• Information provided
===
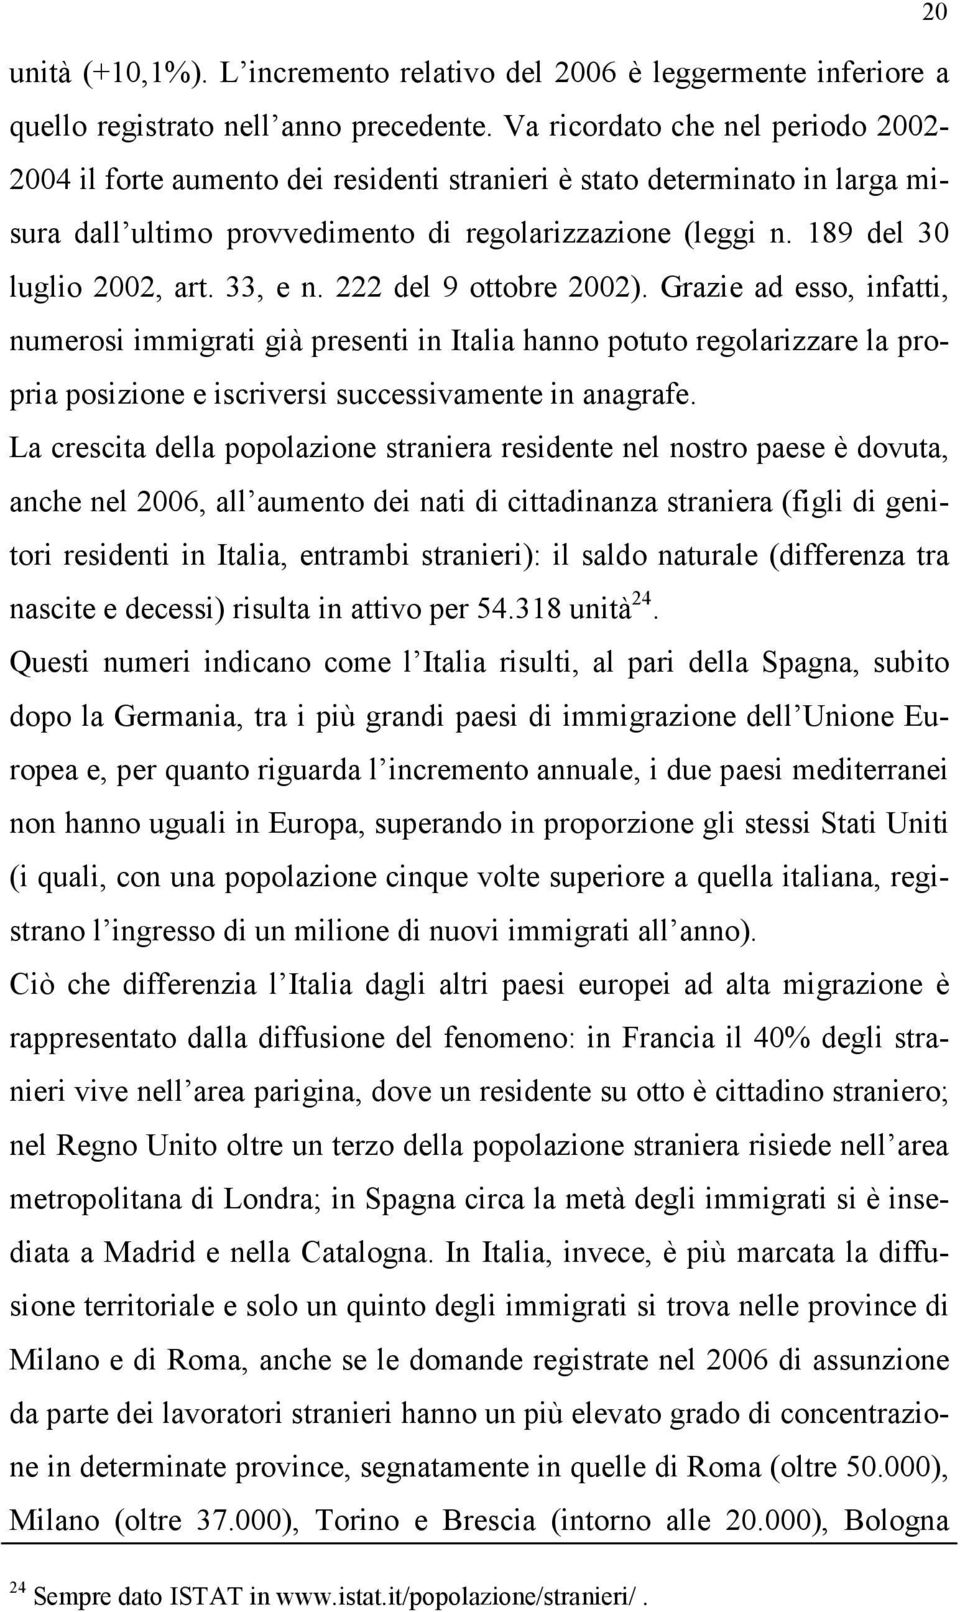 33, e n. 222 del 9 ottobre 2002). Grazie ad esso, infatti, numerosi immigrati già presenti in Italia hanno potuto regolarizzare la propria posizione e iscriversi successivamente in anagrafe.
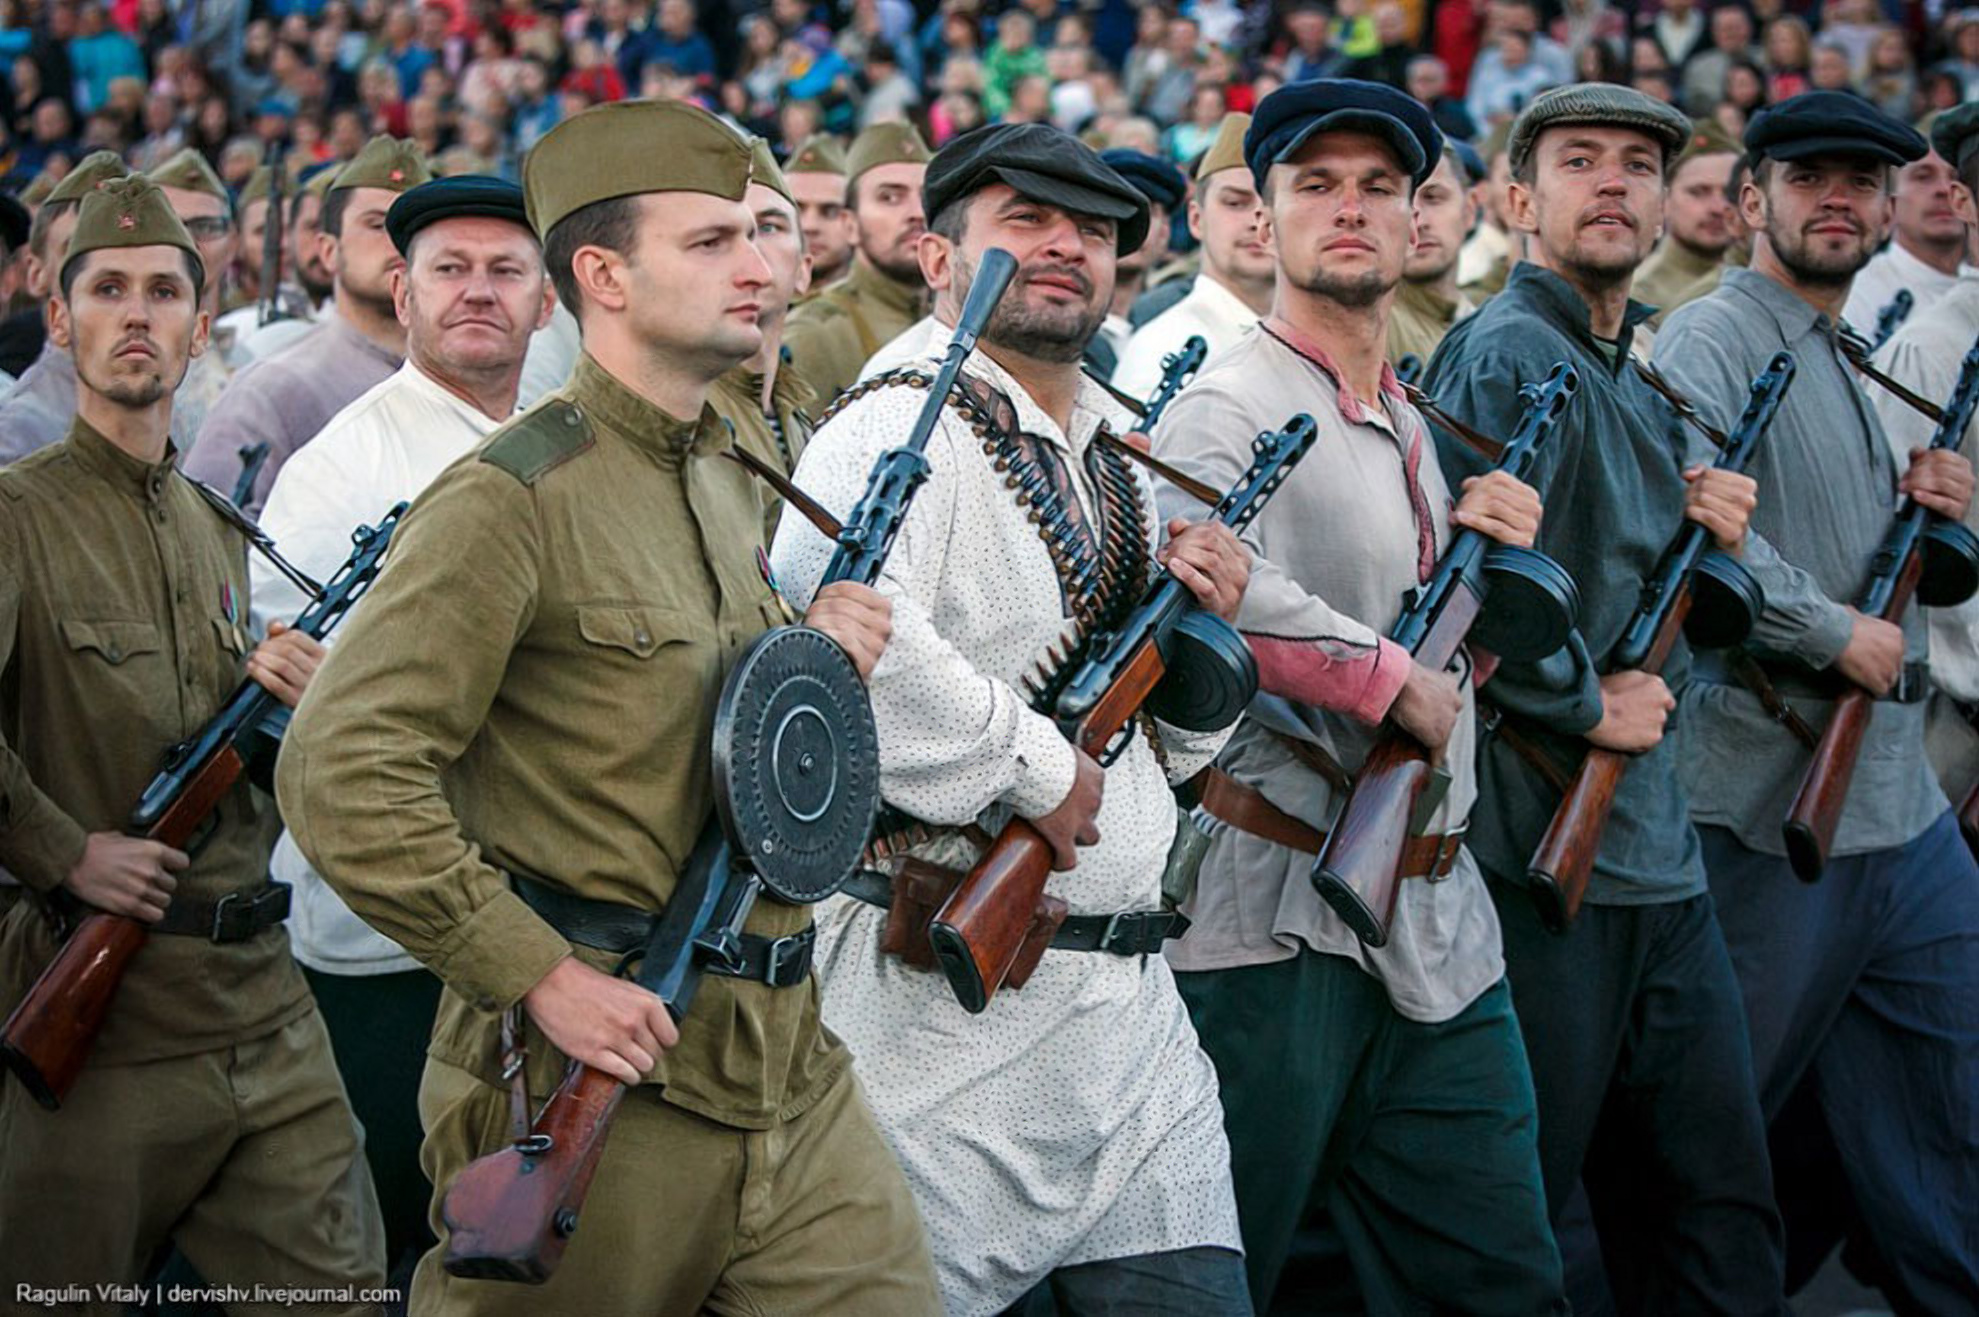 Внуки и правнуки белорусских партизан, возможно со своим оружием
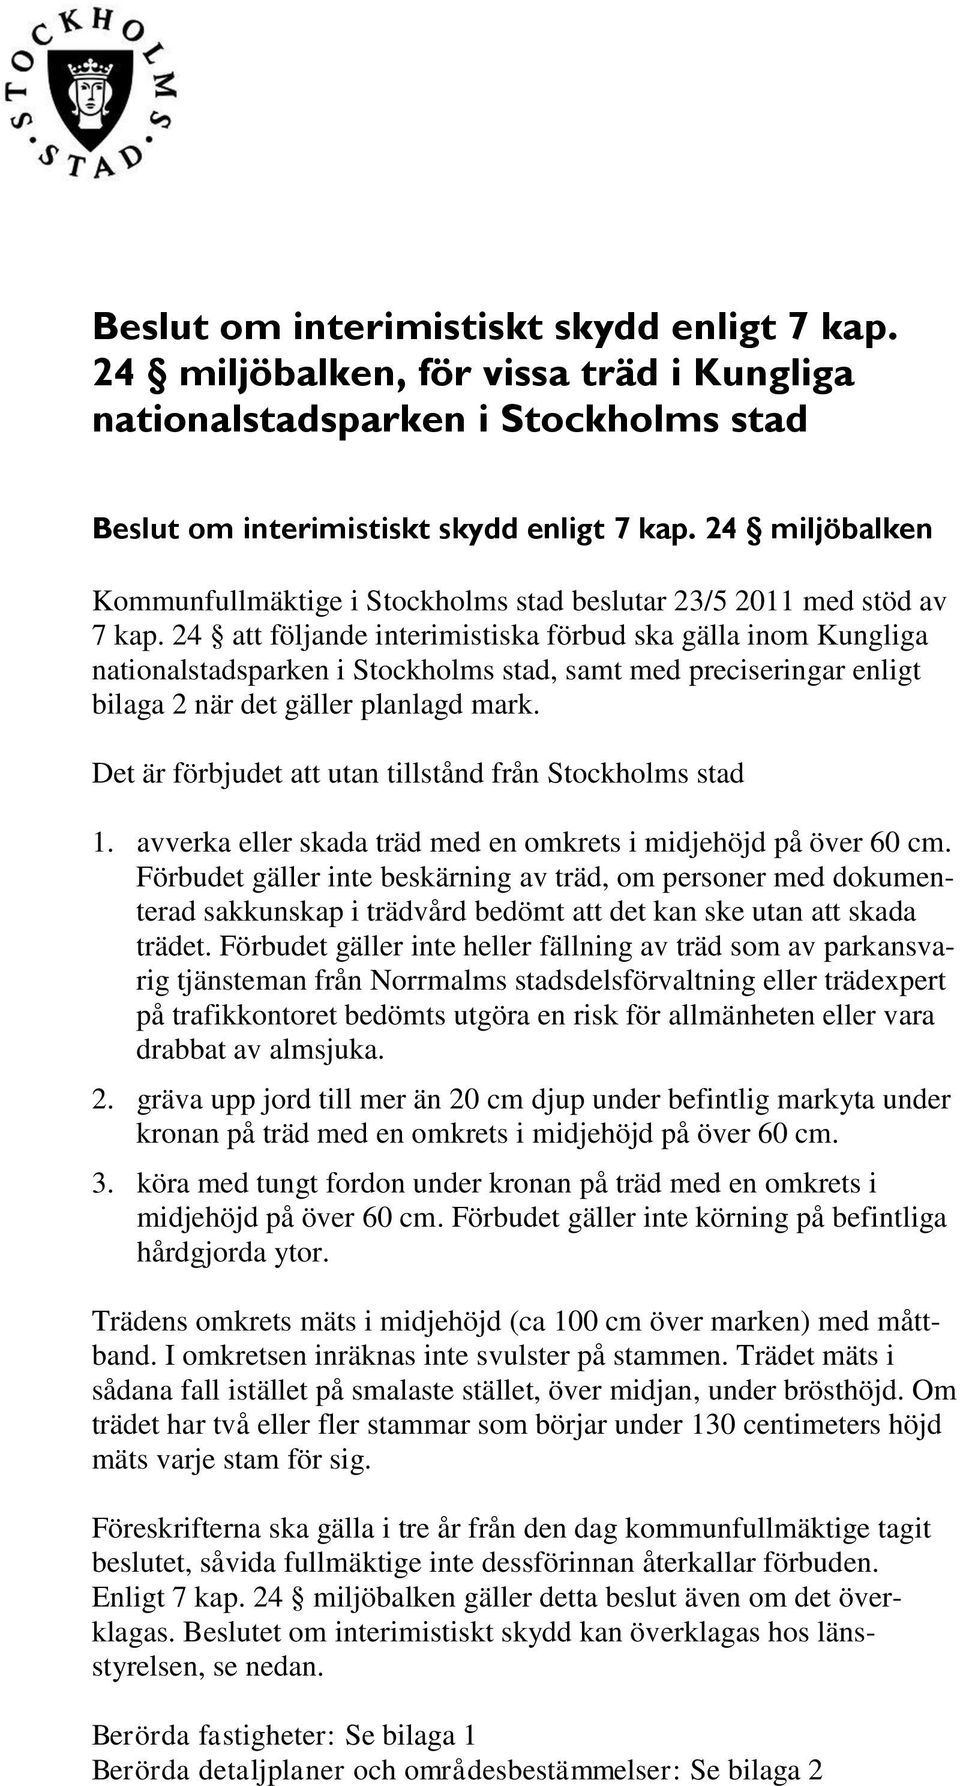 24 att följande interimistiska förbud ska gälla inom Kungliga nationalstadsparken i Stockholms stad, samt med preciseringar enligt bilaga 2 när det gäller planlagd mark.
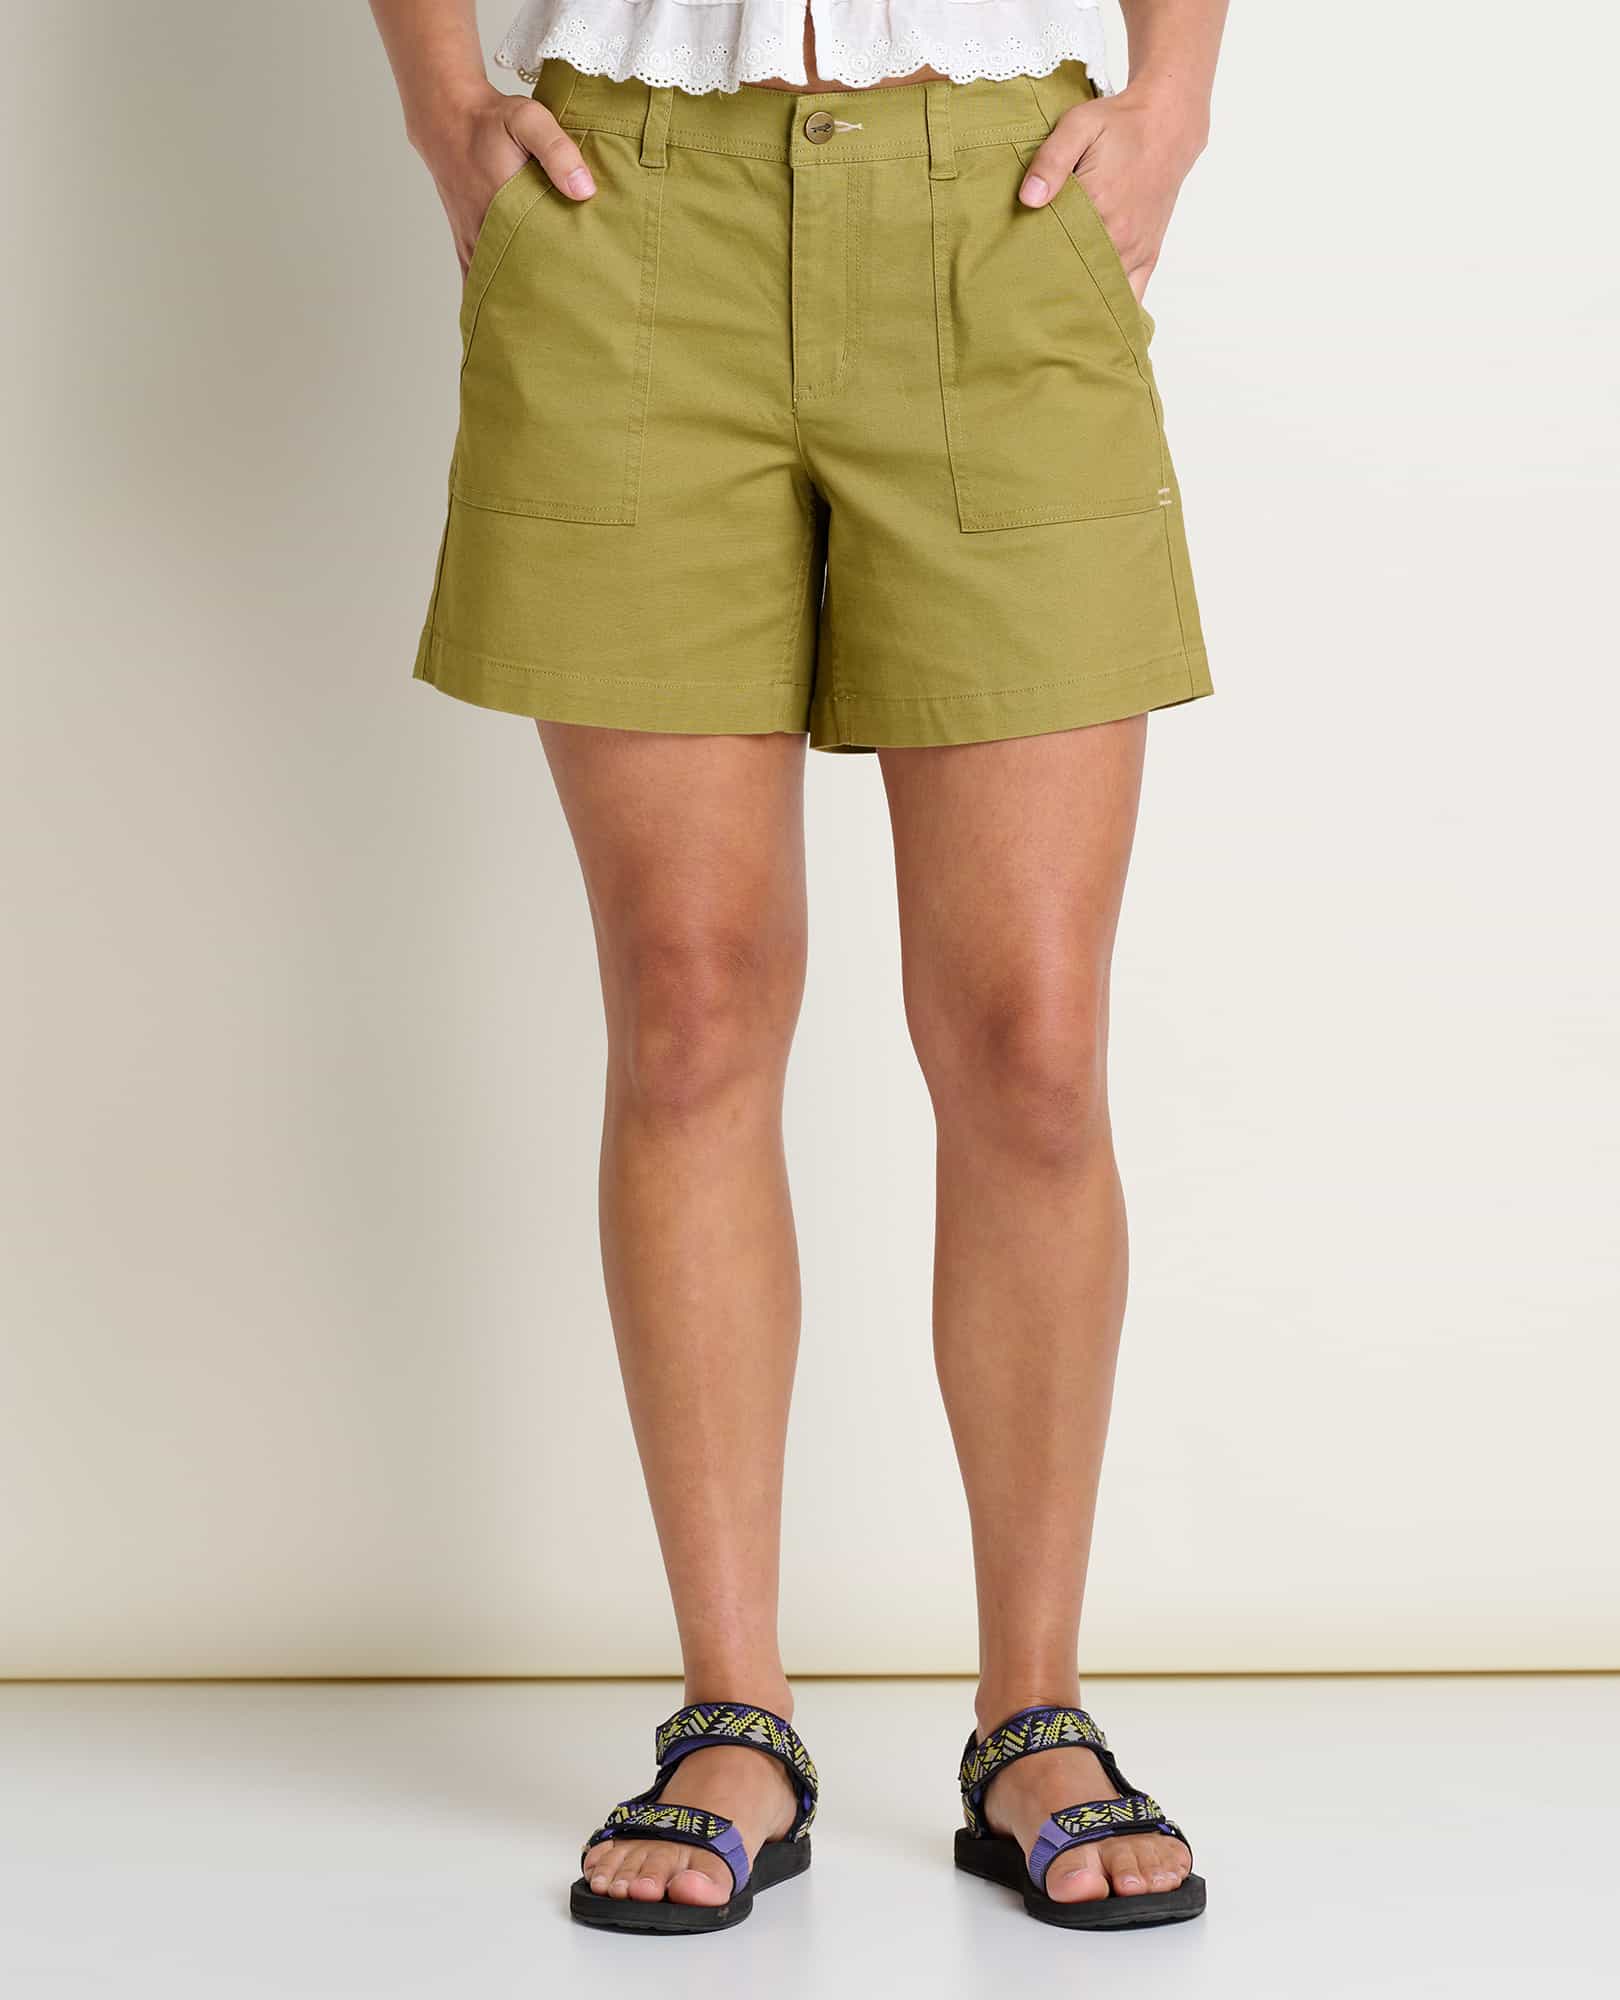 Women's Shorts, Eco-Friendly Shorts for Women
===
• What the task requires
Down to the last line, print the material exactly, but not its pictures.

• Solution below
 33, e n. 222 del 9 ottobre 2002). Grazie ad esso, infatti, numerosi immigrati già presenti in Italia hanno potuto regolarizzare la propria posizione e iscriversi successivamente in anagrafe.
 Внуки и правнуки белорусских партизан, возможно со своим оружием
 24 att följande interimistiska förbud ska gälla inom Kungliga nationalstadsparken i Stockholms stad, samt med preciseringar enligt bilaga 2 när det gäller planlagd mark.
 Women's Shorts, Eco-Friendly Shorts for Women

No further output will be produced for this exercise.